YOUR ASSIGNMENT: Leaving the pictures aside, restate all of the data exactly.

RAW DATA:
===============

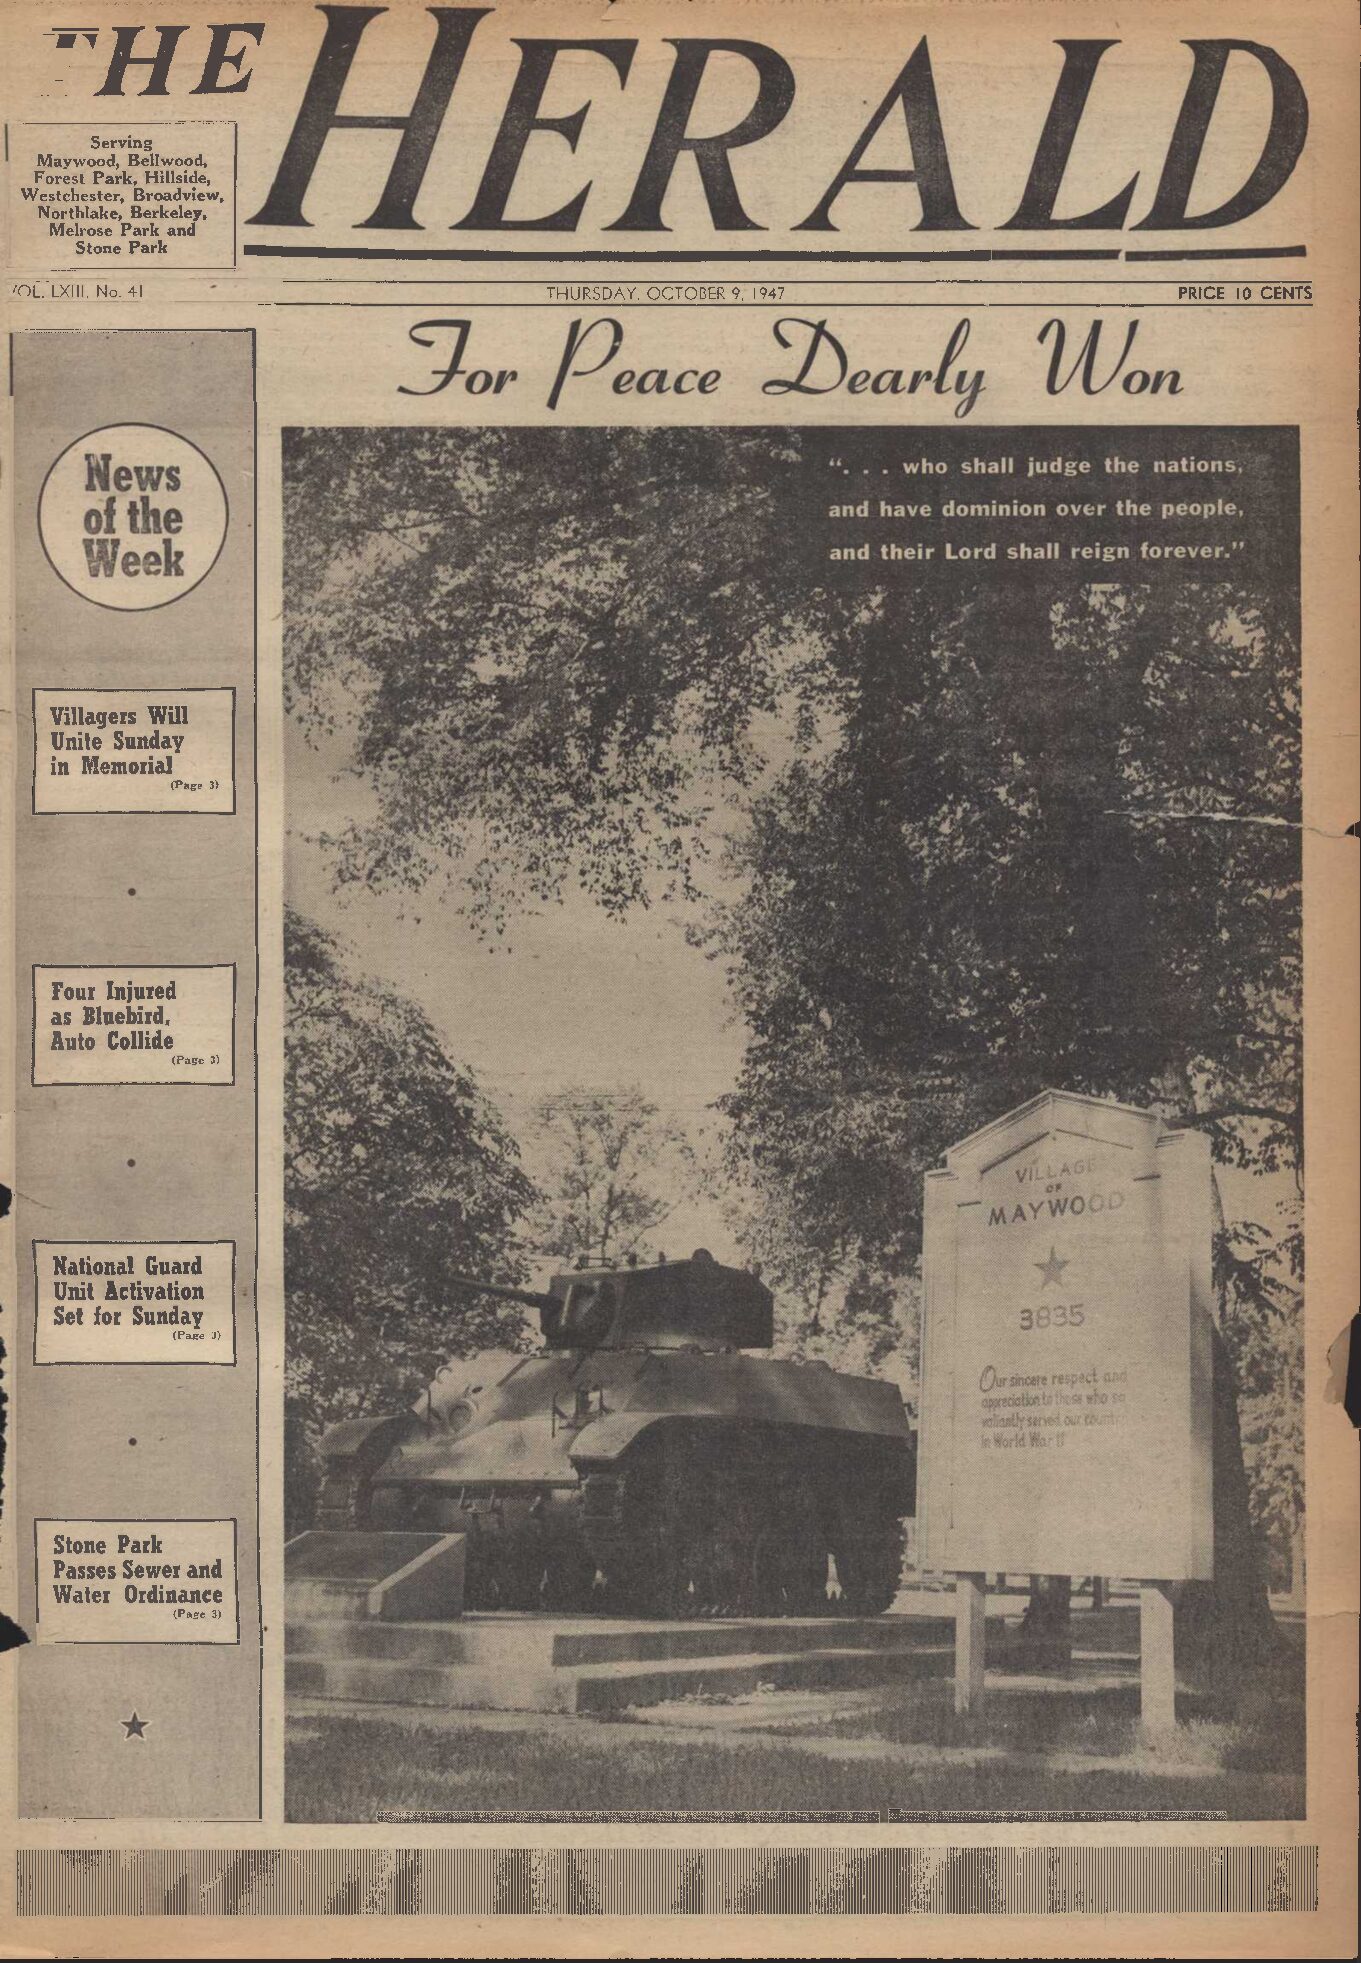 The Herald – 19471009
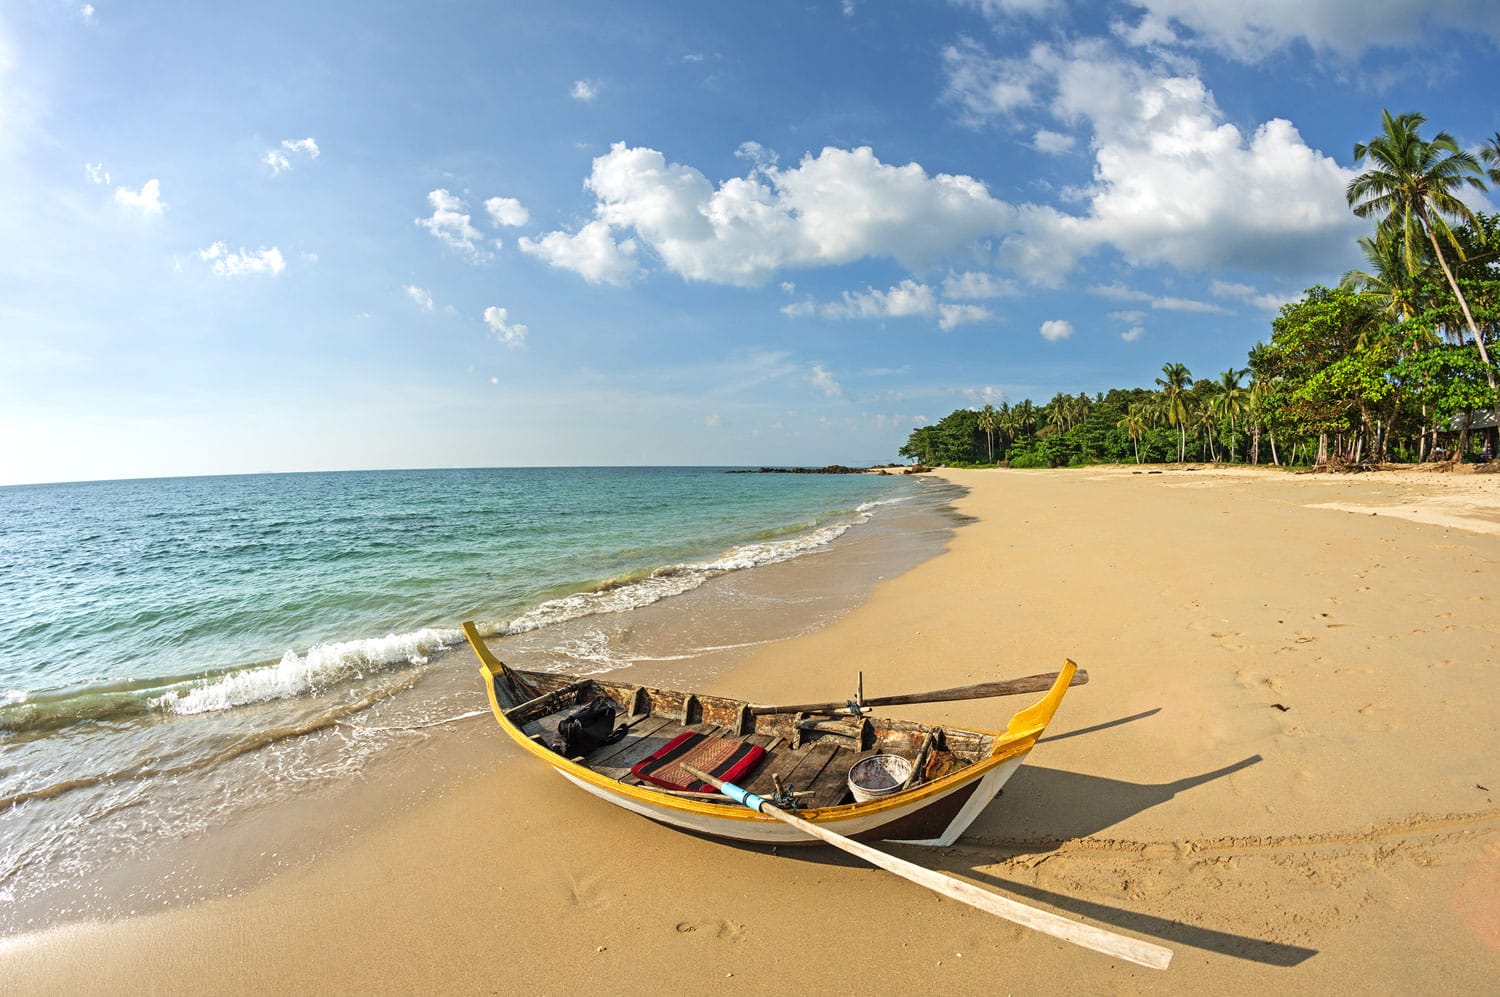 rowboat on a tropical beach in Koh Lanta Thailand
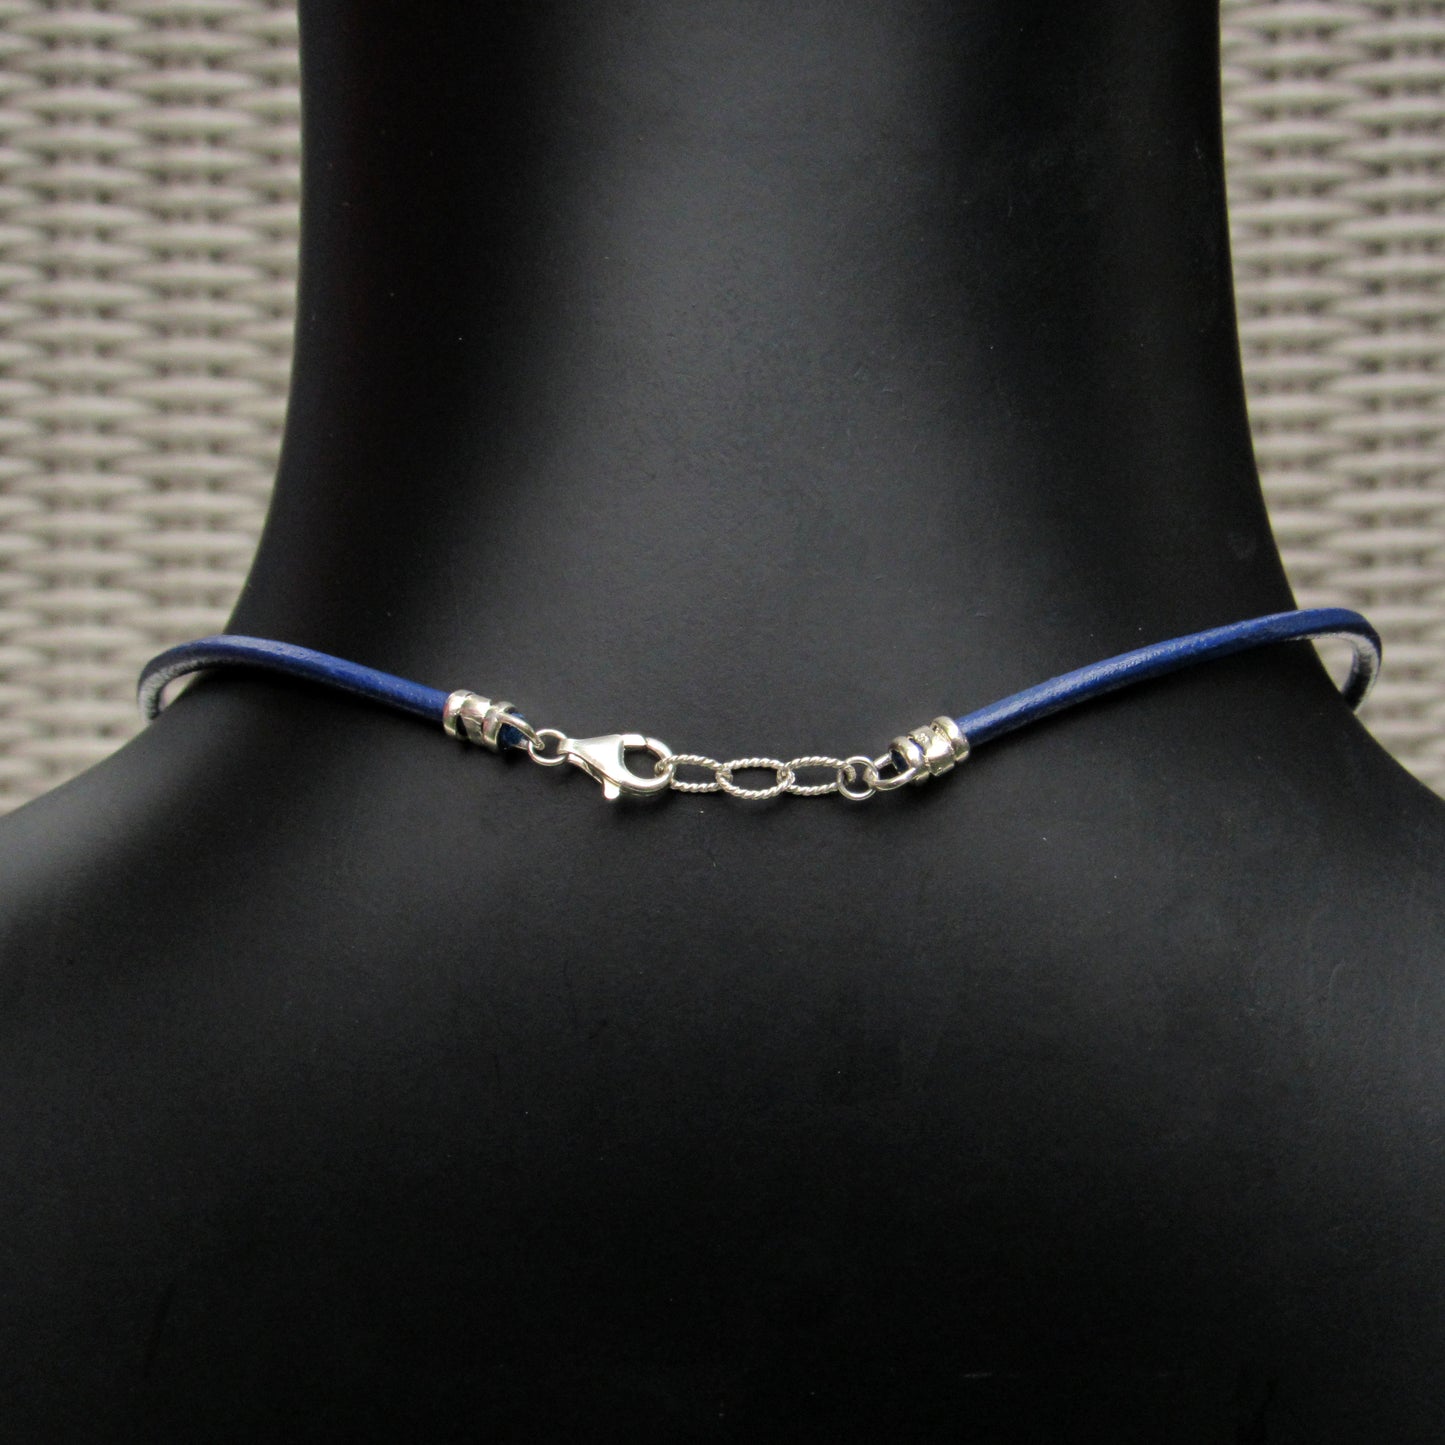 Men's Minimalist Leather Necklace with Gemstone
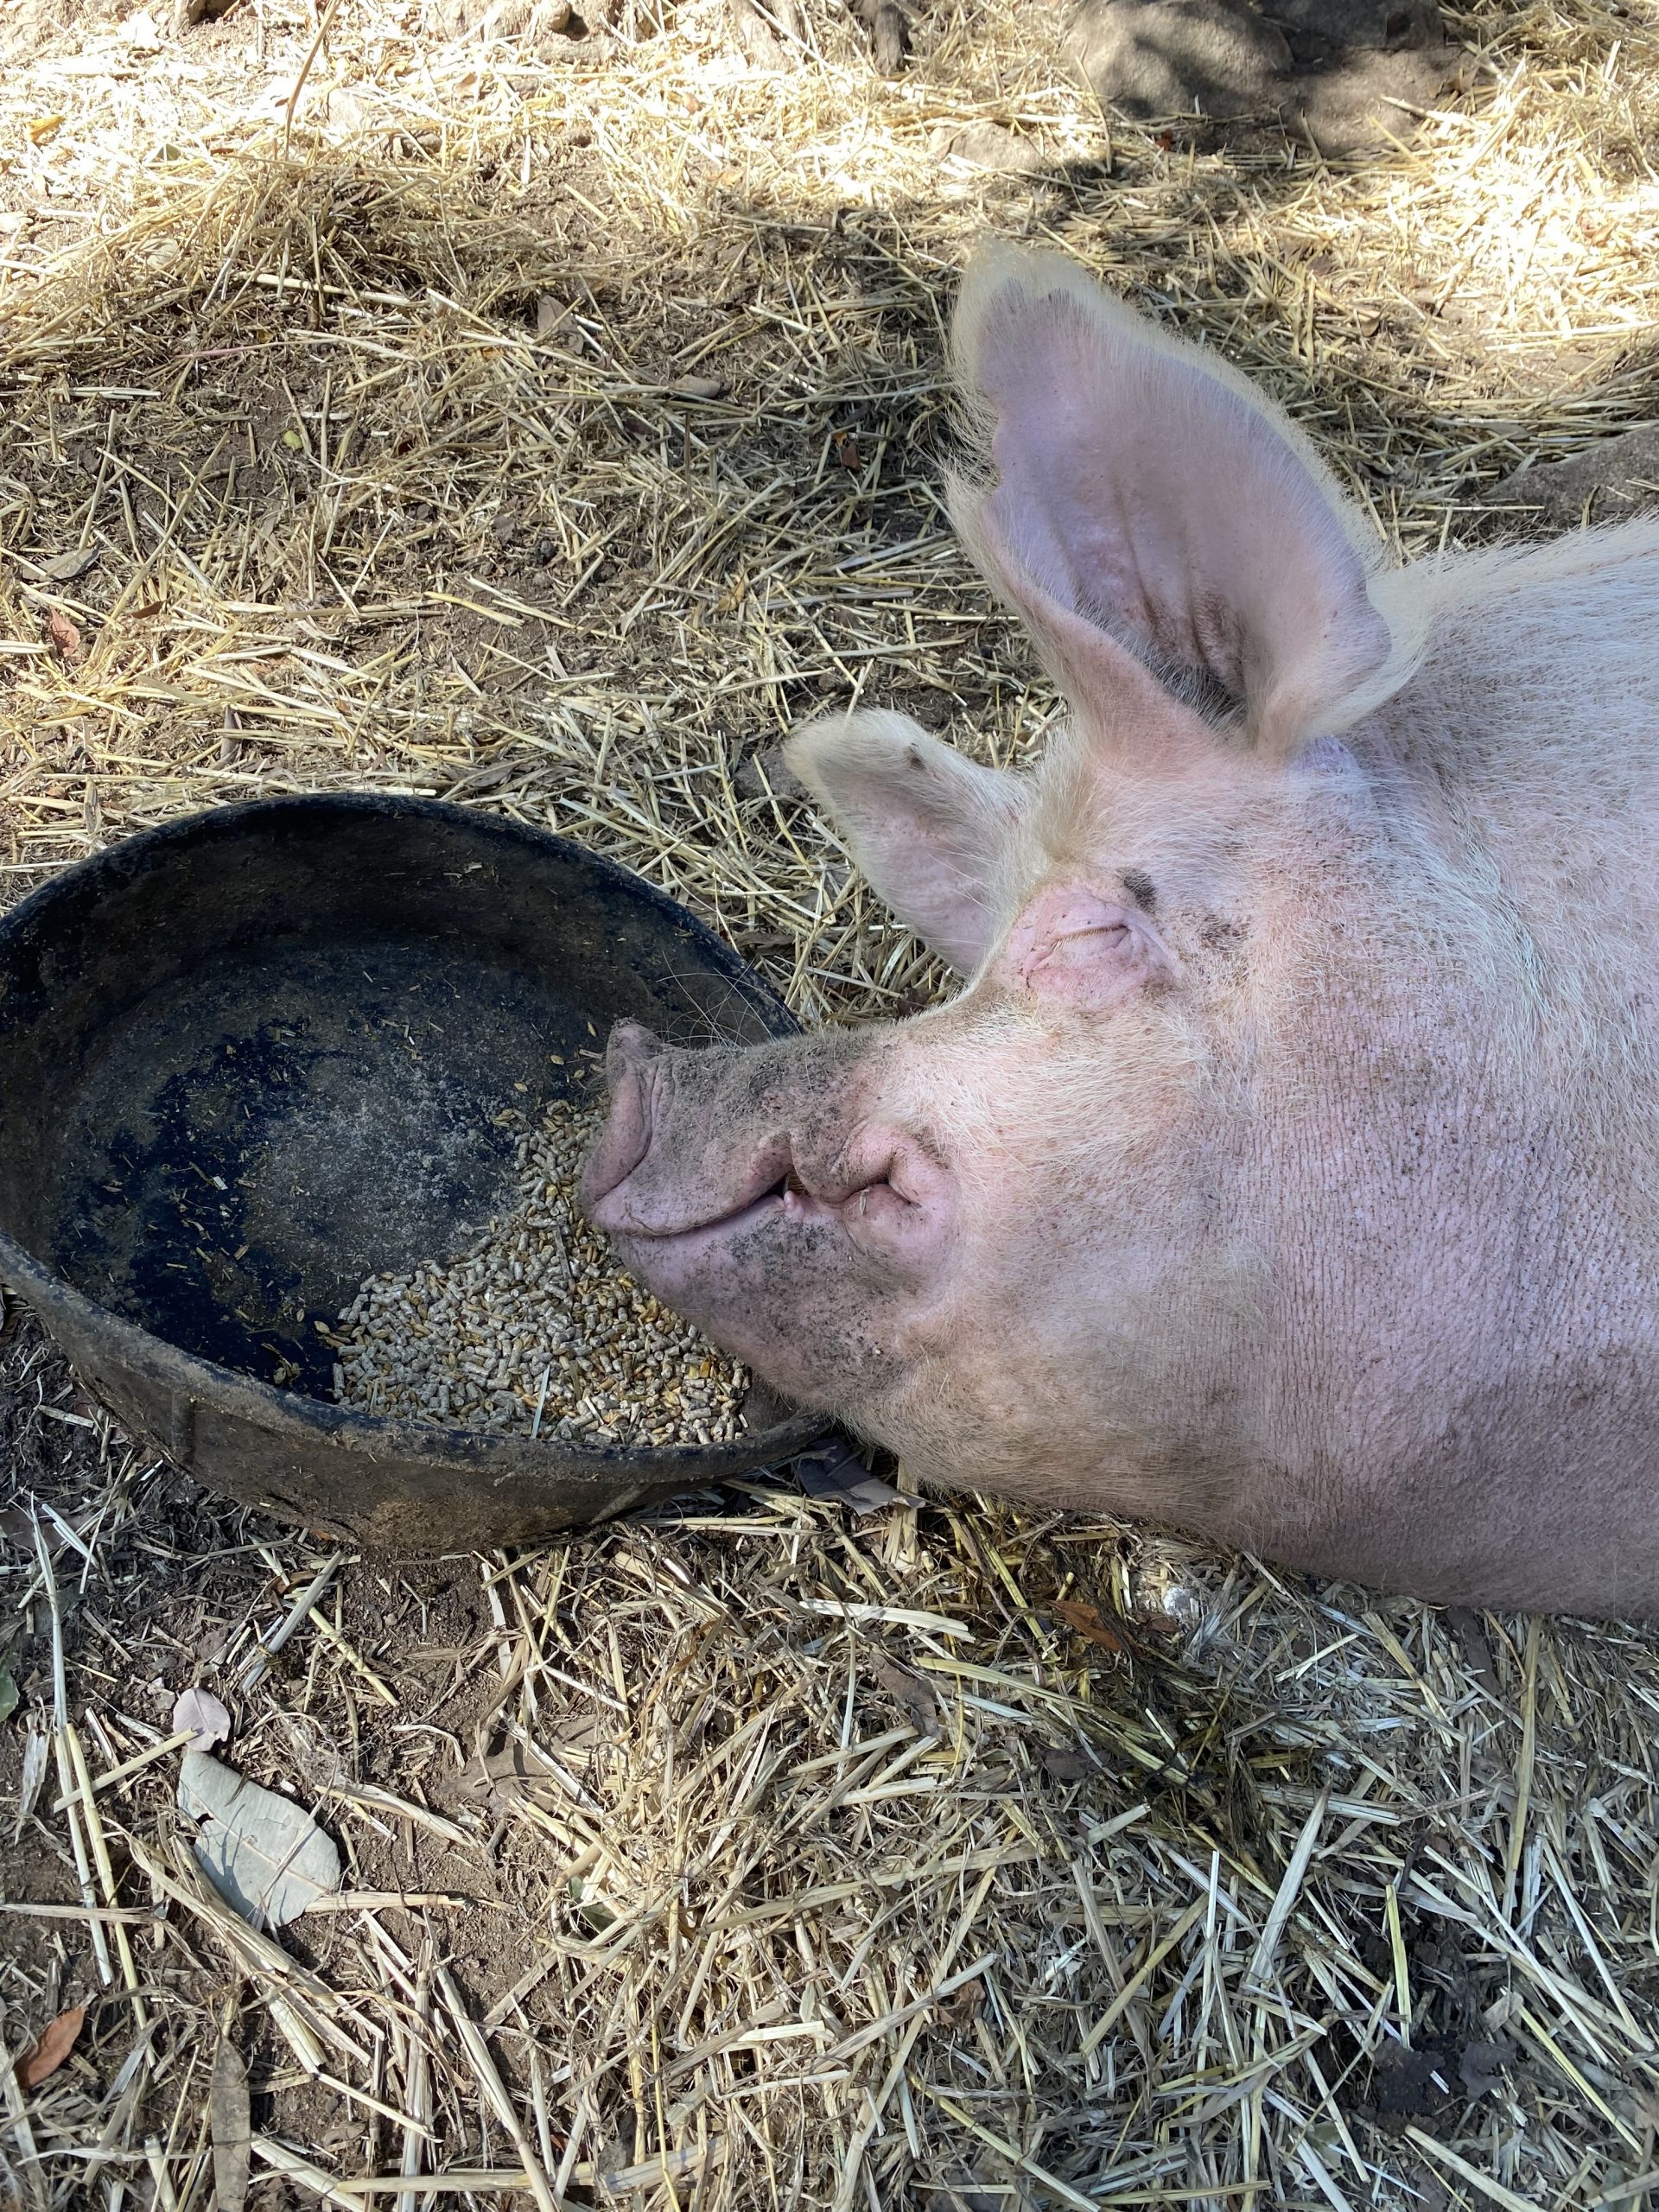 Pig with head in food bowl sleeping

===============

YOUR SOLUTION:
 The Herald – 19471009
 rowboat on a tropical beach in Koh Lanta Thailand
 Men's Minimalist Leather Necklace with Gemstone
 Pig with head in food bowl sleeping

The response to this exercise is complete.